I’d like to understand more about the condition but I’m not sure where to start. eg. I had gained weight without changing my diet or exercise and I now i presume it’s as a result of my thyroid problems. Will it now be possible for me to lose weight? Will it happen naturally when my levels return to normal? Will my fertility be impacted? Can I do anything to improve fertility?

I’m due another blood test in May. Can I ask the gp for a full break down so I can understand the results better? Do I need a private test to get a full break down?

Everyone in here seems so knowledgeable- I guess I’m kind of hoping you all started like me with your head reeling a bit.

Read more about...
4 Replies
fuchsia-pink profile image
fuchsia-pink

Welcome to the forum.

A few suggestions, if I may.

First, you really need full testing: the NHS will routinely test TSH, and this is something of a blunt instrument. It's useful initially but less so as you start taking levo. The NSH will also, usually, test free T4, the inactive thyroid hormone, but you also really need free T3 testing (the active thyroid hormone, needed in every cell in your body); thyroid antibodies; and key nutrients - ferritin, folate, vit D and B12, as these will make your medication most effective.

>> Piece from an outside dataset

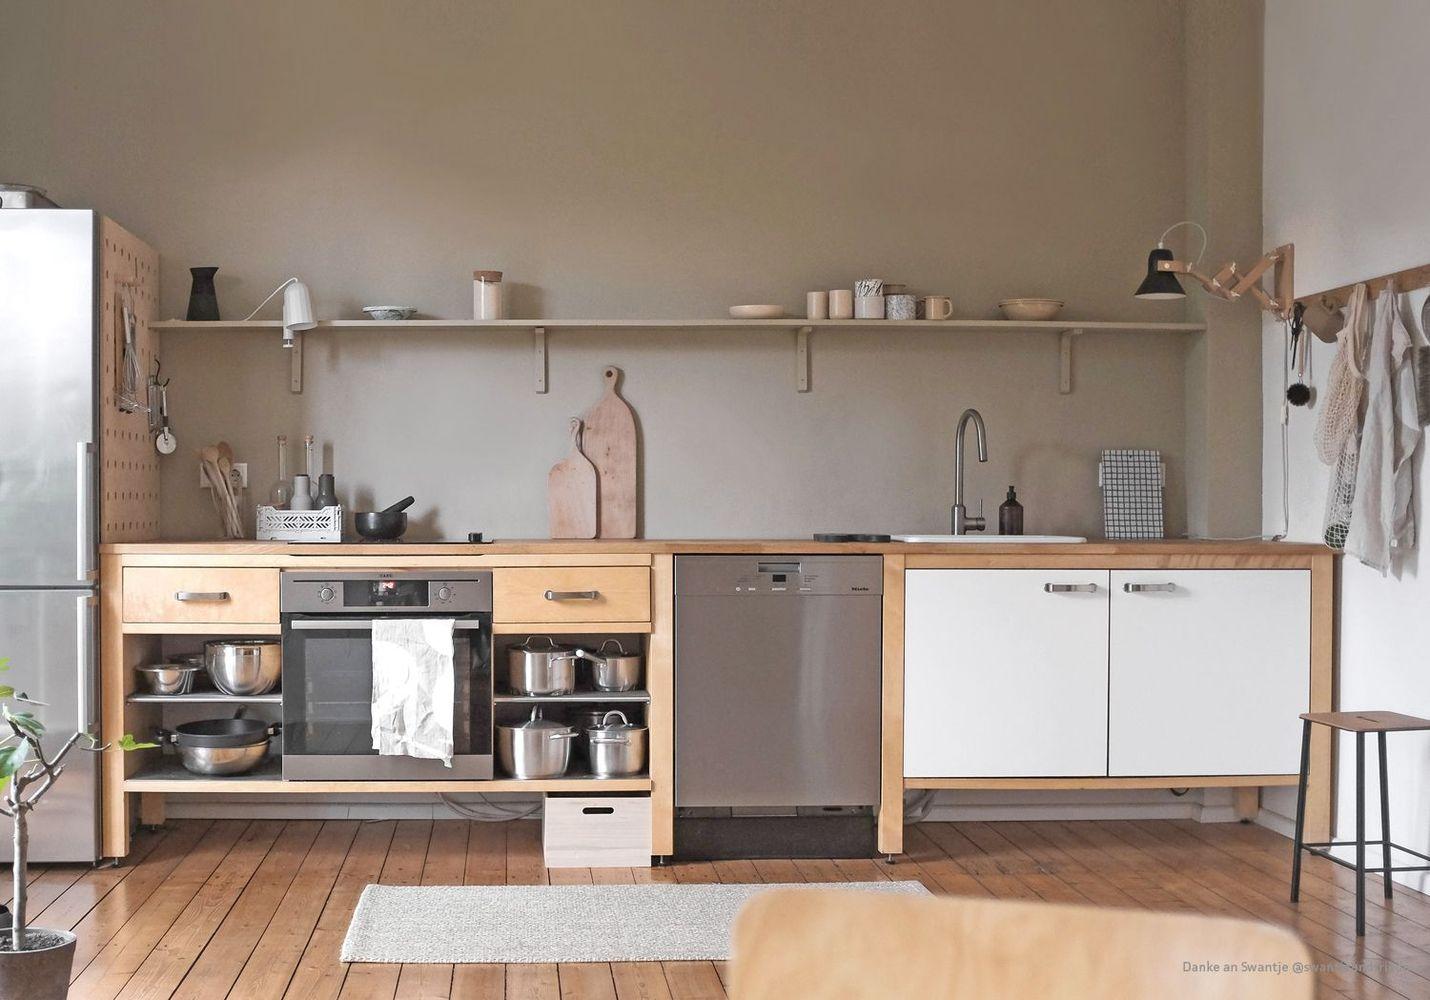 Full Size of Kchenrckwand Welche Farbe Küchen Regal Sofa Alternatives Wohnzimmer Alternative Küchen
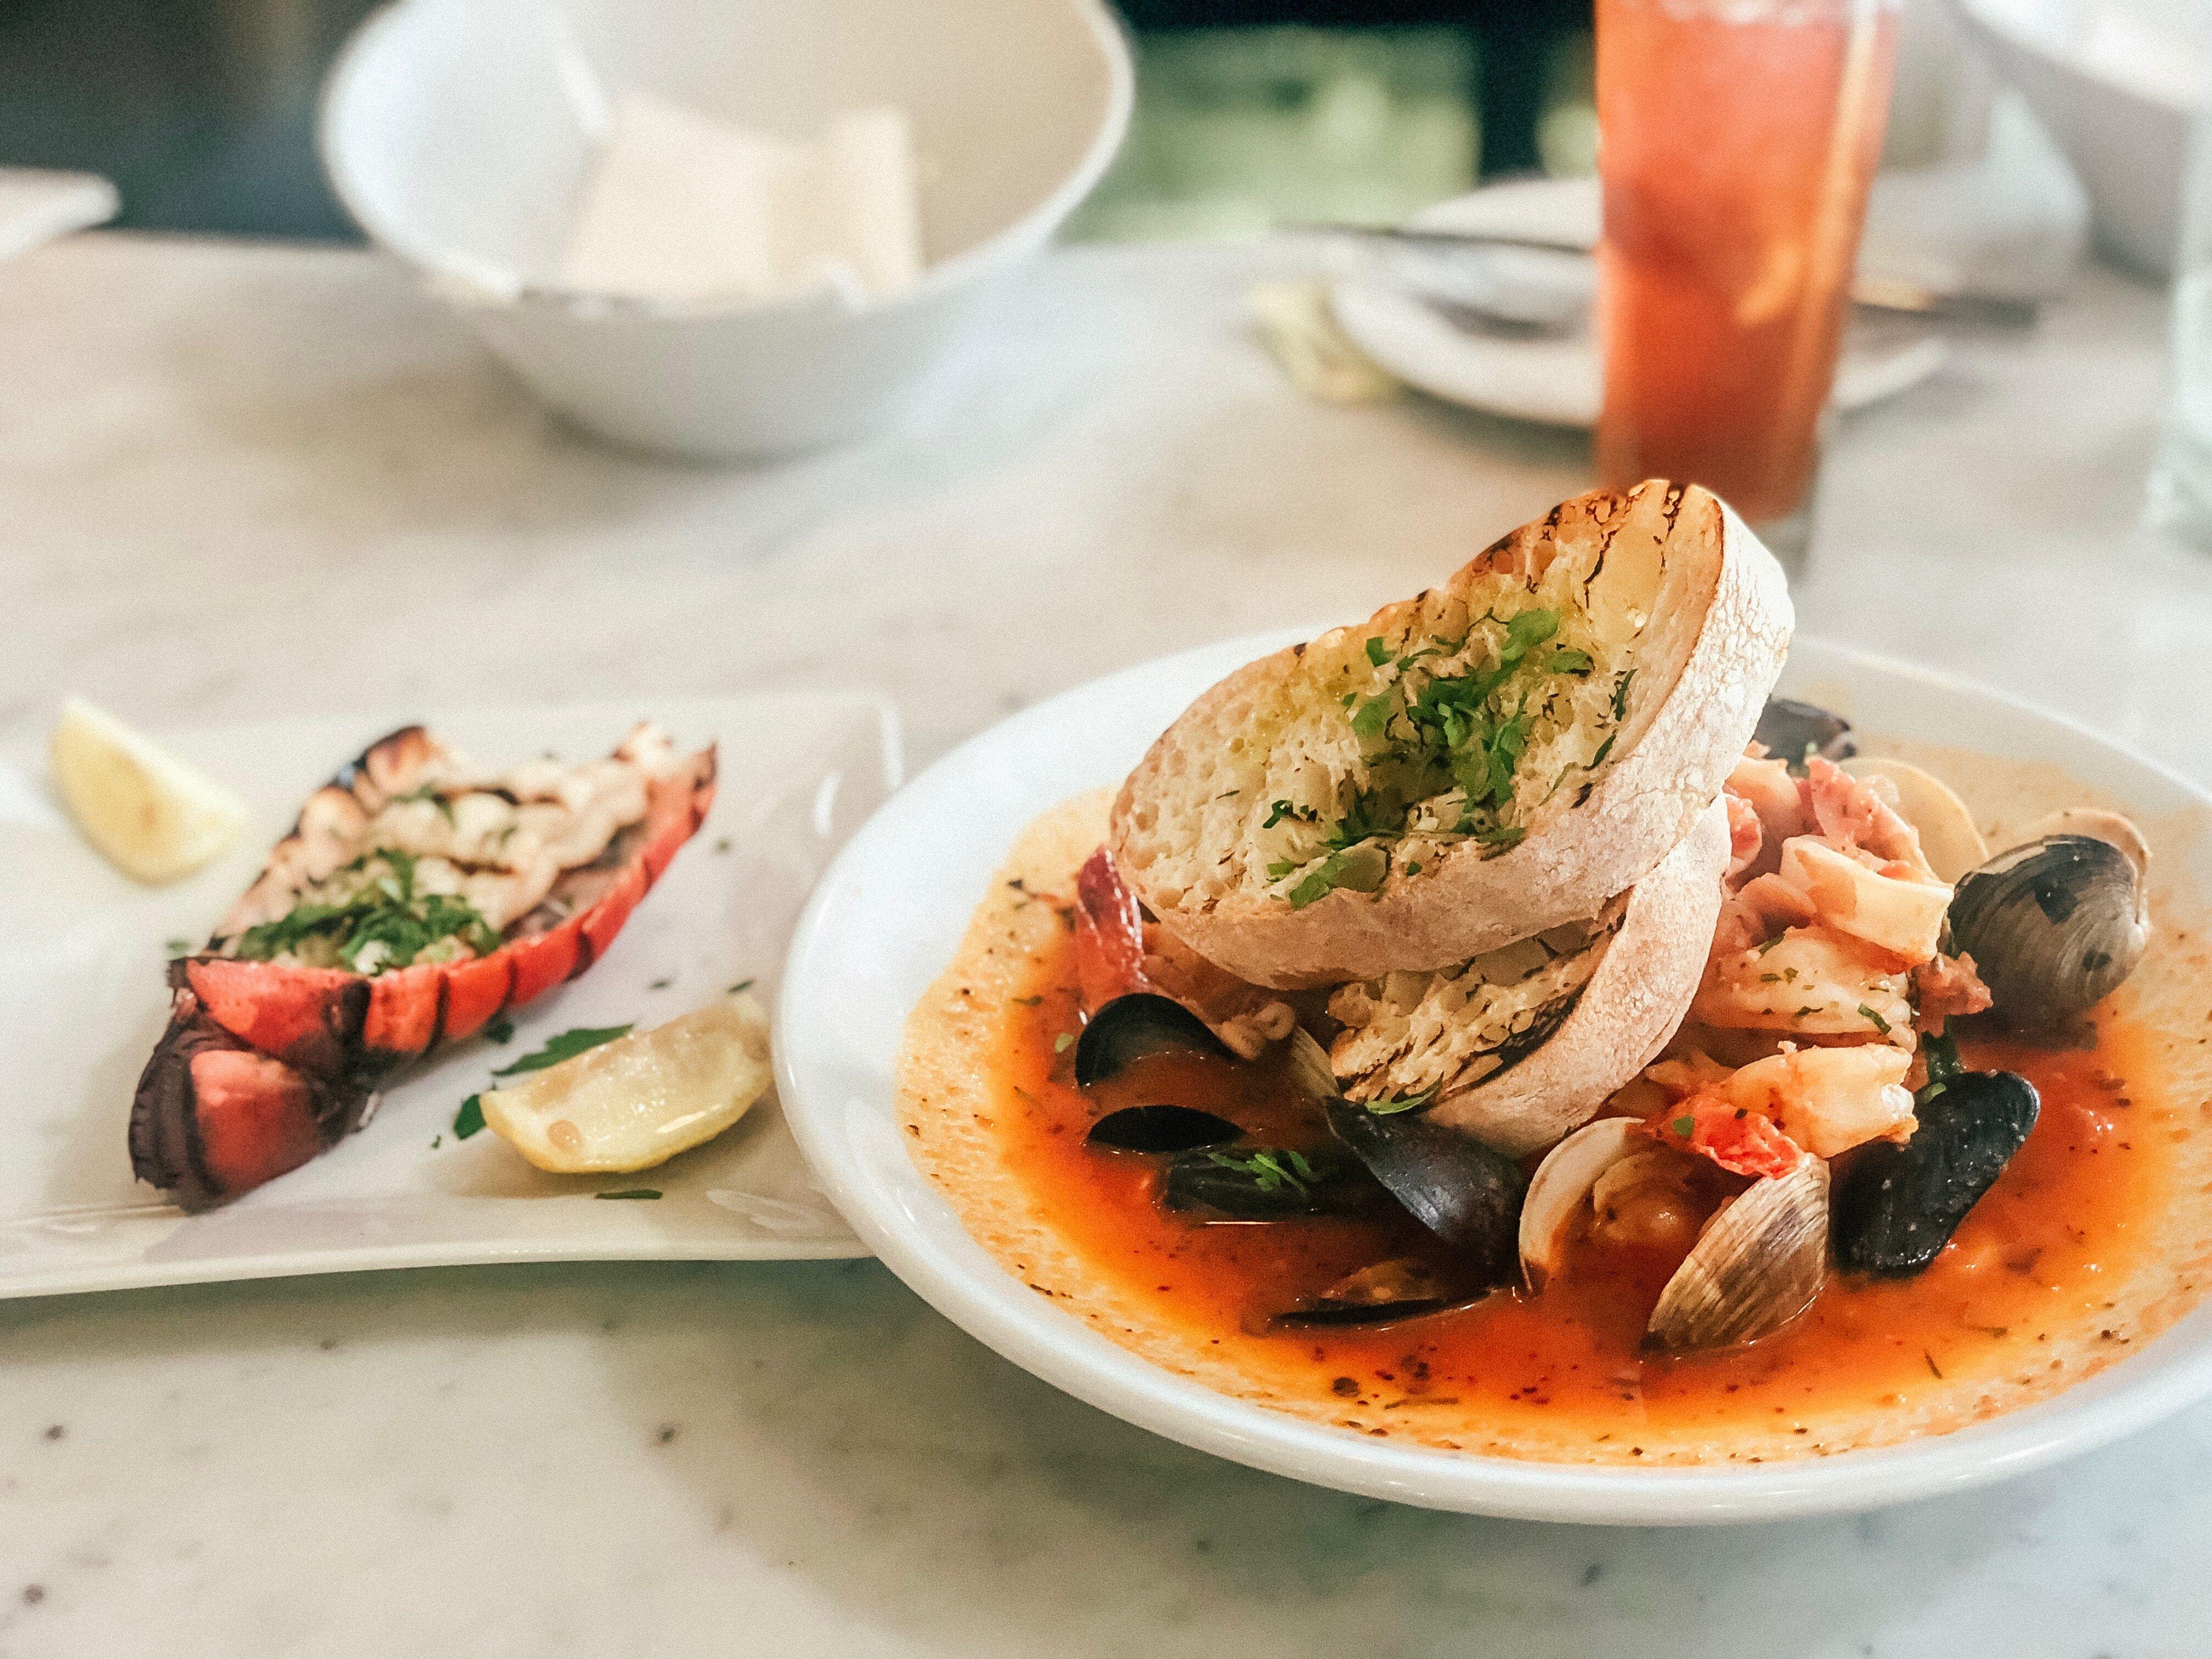 Najlepsze Dania Kuchni Polskiej W Calej Warszawie W Akademii Proponujemy Naszym Gosciom Tradycyjne Dania Kuchn Lobster Recipes Potluck Dishes Seafood Recipes

You are entitled to your results: just saying you are "in range" or "over-range" or "under-range" is not good enough. If you post your blood results, and ranges, forum members can help. The ranges are important as these vary form lab to lab.

You will find lots of useful info on the Thyroid UK site, and helvella 's excellent glossary [pinned, on the right]explains the key terms you need to understand.

Finally, it's a slow, slow journey. You will need to be patient. It will take a while to reach optimum medication, as this needs to be increased very gradually, and your bloods re-tested at 6 - 8 week intervals.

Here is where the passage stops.